Put people, principles and partnerships at the heart of justice that drives AI.
The Department of Justice (MOJ) has published its AI Action Plan, released on July 31, 2025, outlines its three-year strategy and outlines how departments can leverage Artificial Intelligence (AI) I to increase the efficiency, equity and accessibility of the criminal justice system.
For this reason, MOJ sees “AI” as a comprehensive term for tools such as machine learning, large-scale language models, and emerging agent capabilities. This includes technologies that allow machines to process data, infer, and provide recommendations that traditionally require human intelligence.

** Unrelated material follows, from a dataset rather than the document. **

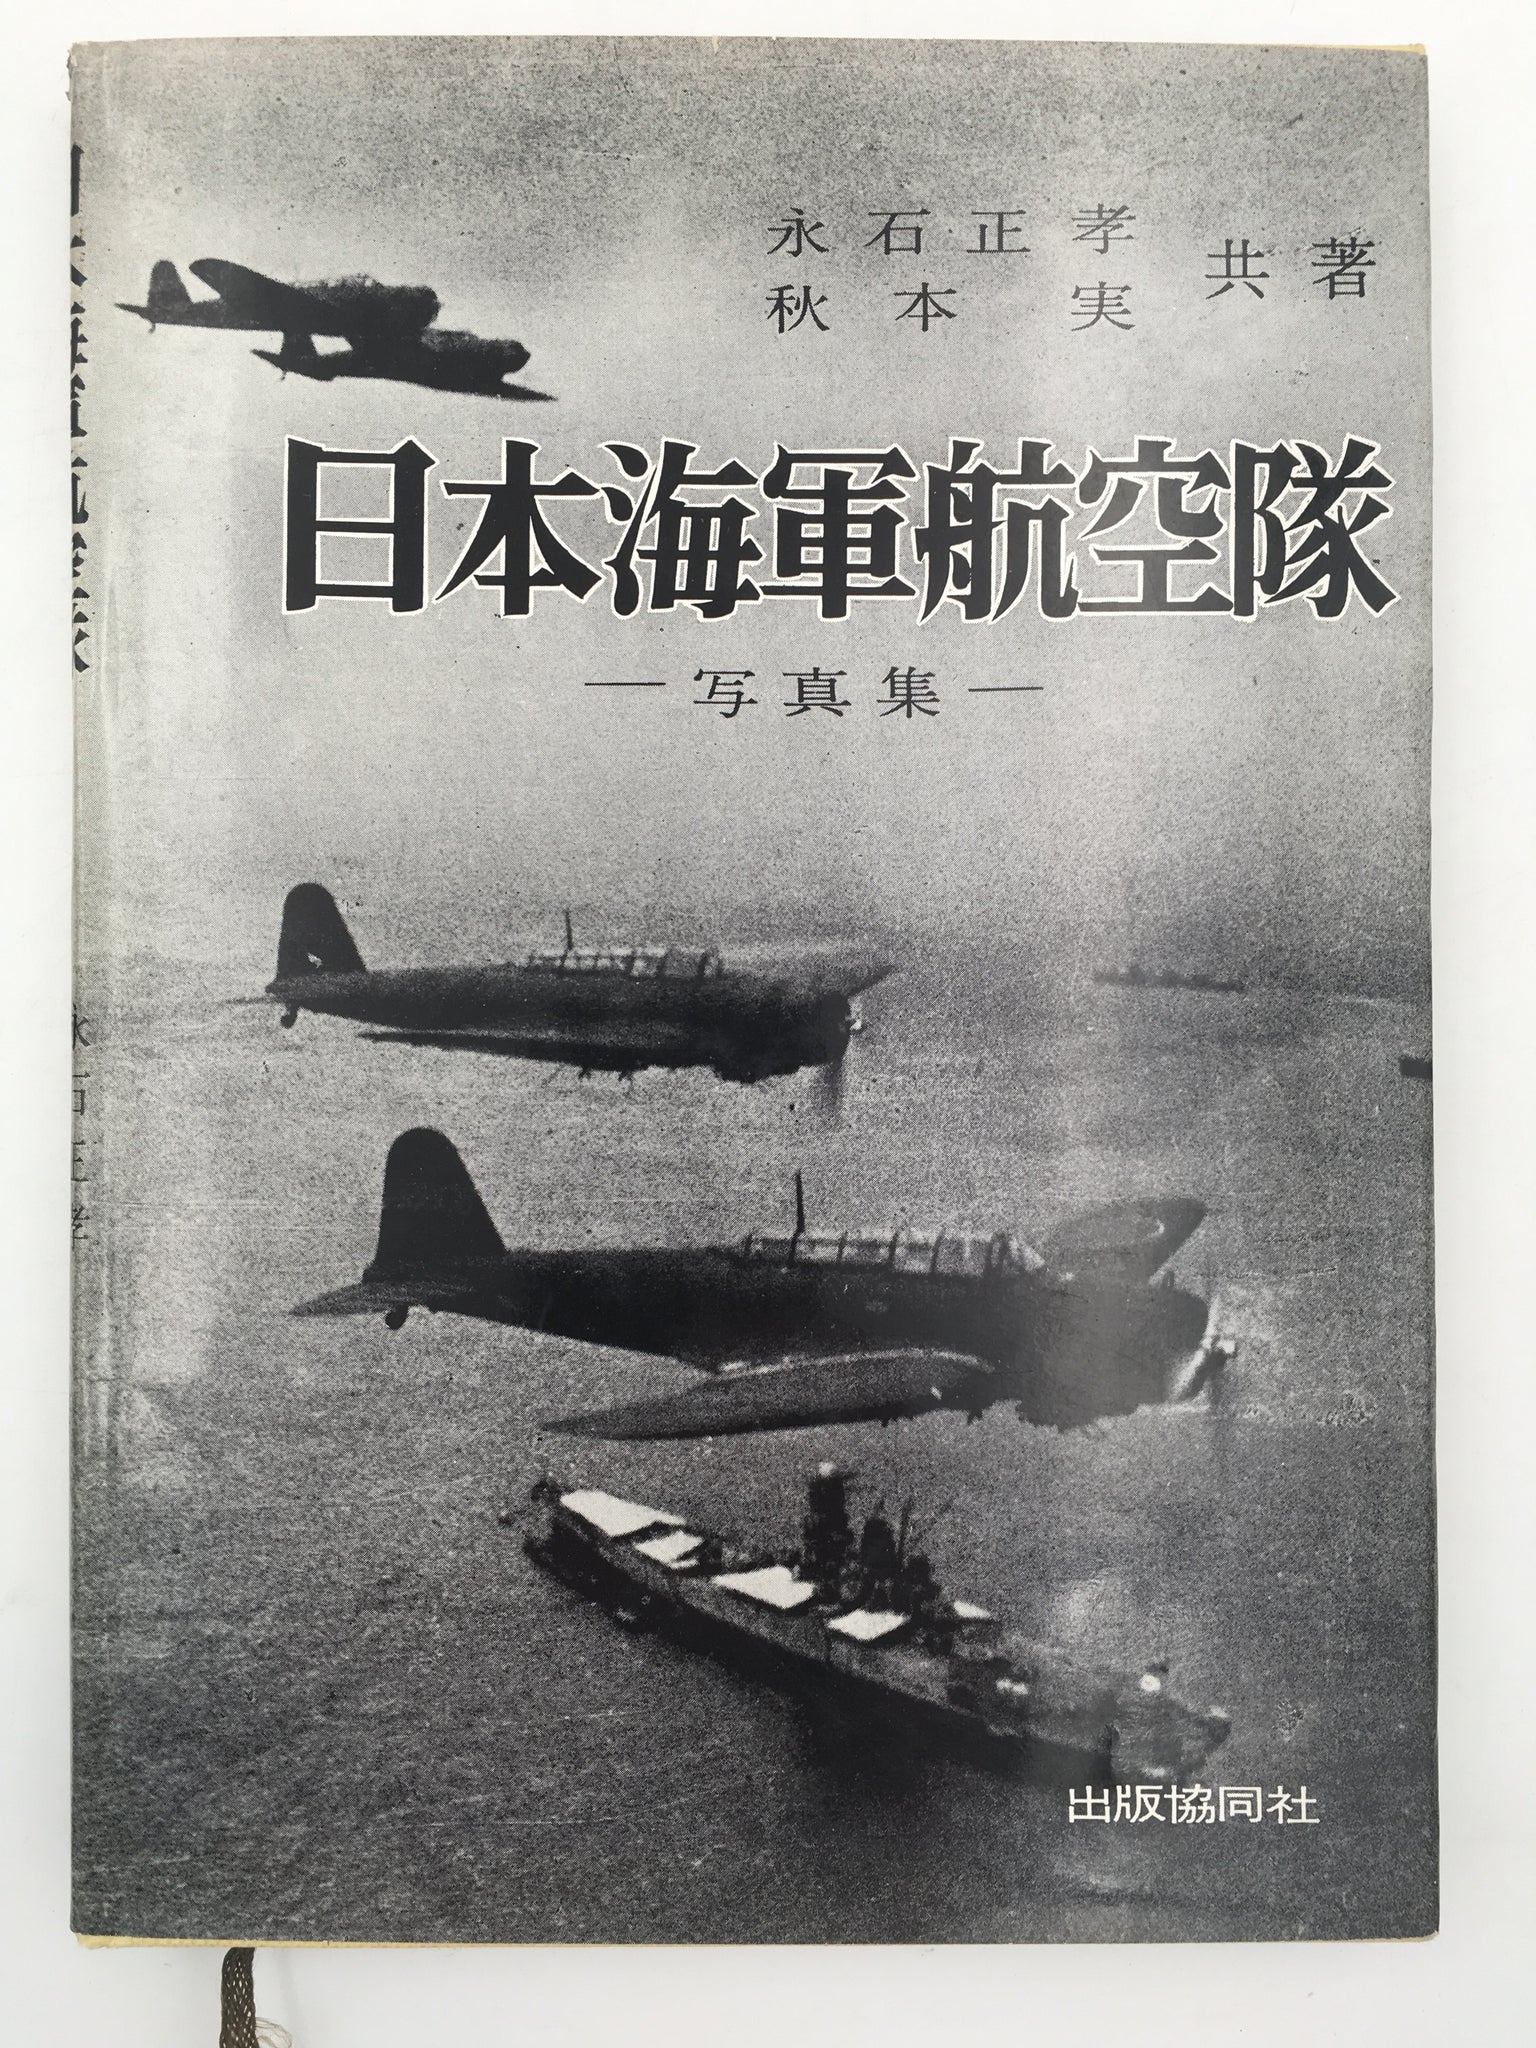 日本陸軍航空隊 ― 写真集 ― – aviation.brussels

The plan is scheduled for implementation over a three-year period and outlines the following strategic priorities:
- Strengthening the Foundation – Strengthen AI leadership, governance and ethics, data and digital infrastructure, and procurement to support AI adoption and proactively manage risk.
- Embed AI throughout the Judicial System – Apply AI to provide MOJ priorities to protect the public, reduce rebursement, provide quick access to justice, and provide efficient enablement capabilities through a “scan, pilot, scale” approach.
- Invest in People and Partners – Accelerate AI recruitment and transform the way you work through investments in talent, training and workforce planning. Partnerships will also be strengthened to support AI-driven legal innovation, economic growth and response to AI-enabled crime.
MOJ has developed a network of AI champions, promoted support, promoted effective use of AI tools, and expanded the issue to AI units' justice. However, this initiative is different from the original government AI champion Medel, who focuses on sector-specific leaders working with industry and government.
Together with the “scan, pilot and scale approach,” the three-year roadmap includes establishing a strong foundation, scaling functionality, and building on early success.
To do this, MOJ adjusts priorities across three crosscut principles.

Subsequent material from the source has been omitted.